Export industries received a welcome boost in May last year when the European Union (EU) reinstated Sri Lanka’s Generalised Scheme of Preferences Plus (GSP+) status, which had previously been rescinded over human rights concerns in 2010. The move removed the majority of import duties on Sri Lankan goods entering the European single market, and likely drove the 3% increase in textile and garment exports in 2017 to just over US$5bn.

Sri Lanka garment and textile exports exceed $5bn in 2017

But while the immediate future looks bright for the garment segment, those surveyed suggest Sri Lanka would be wise to devise strategies for technological advancements in manufacturing processes.

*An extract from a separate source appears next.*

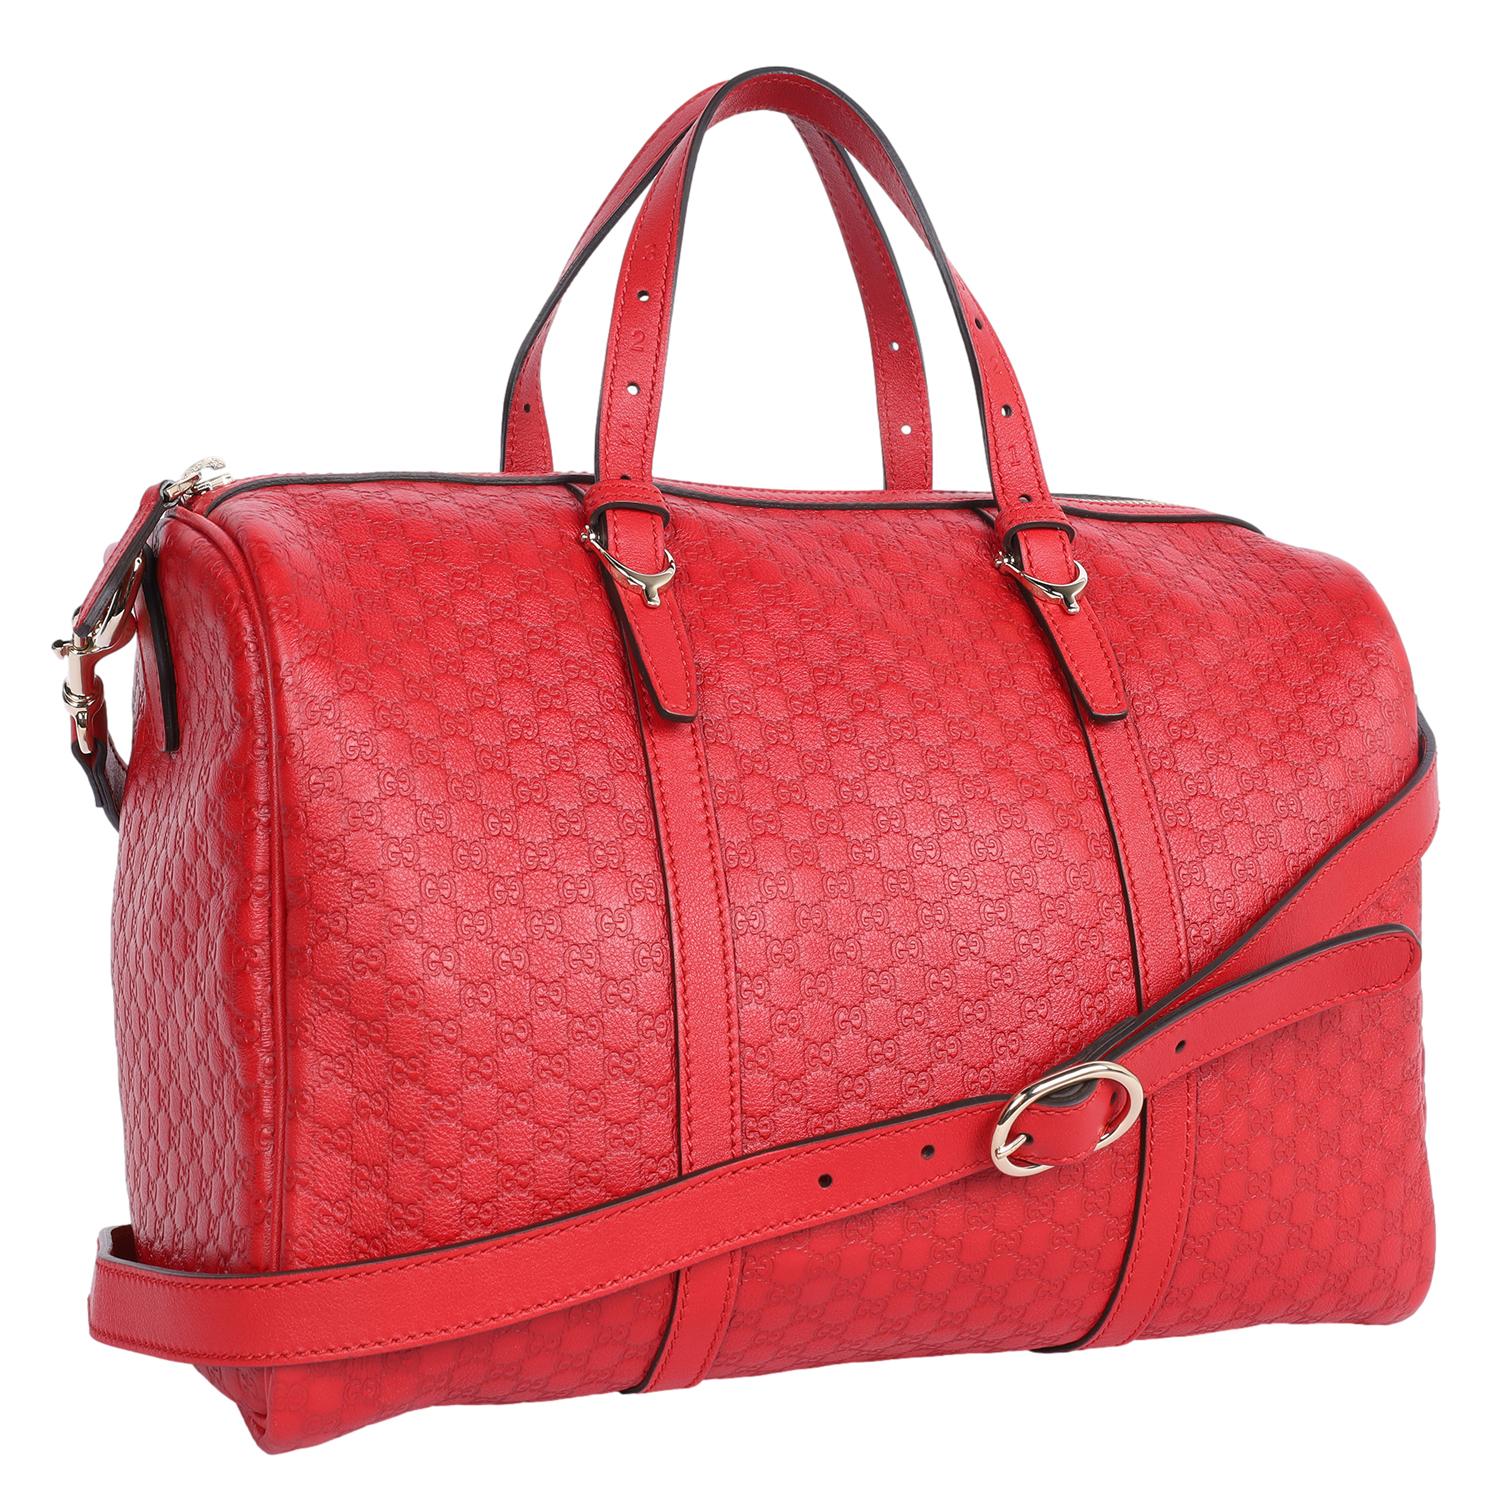 Authentische, gebrauchte Gucci GG Guccissima Medium Joy Signature Bag in Rot. Diese elegante Tasche besteht aus rotem Gucci-Leder mit Monogrammprägung. Die Tasche verfügt über gerollte Ledergriffe, einen optionalen Schulterriemen, goldene Beschläge,

“Developments in innovative areas such as 3D printing and robotics are likely to erode some of the country’s current competitive advantages in the years to come, as without the need for lower labour costs, clothing giants may start to move production facilities closer to their main consumer markets,” survey authors explain.

And if Sri Lanka is to achieve its ‘Vision 2025’ target of developing into a highly competitive knowledge-based economy, it will need to overcome notable shortages in the labour market – not only in terms of skills, but also in raw numbers.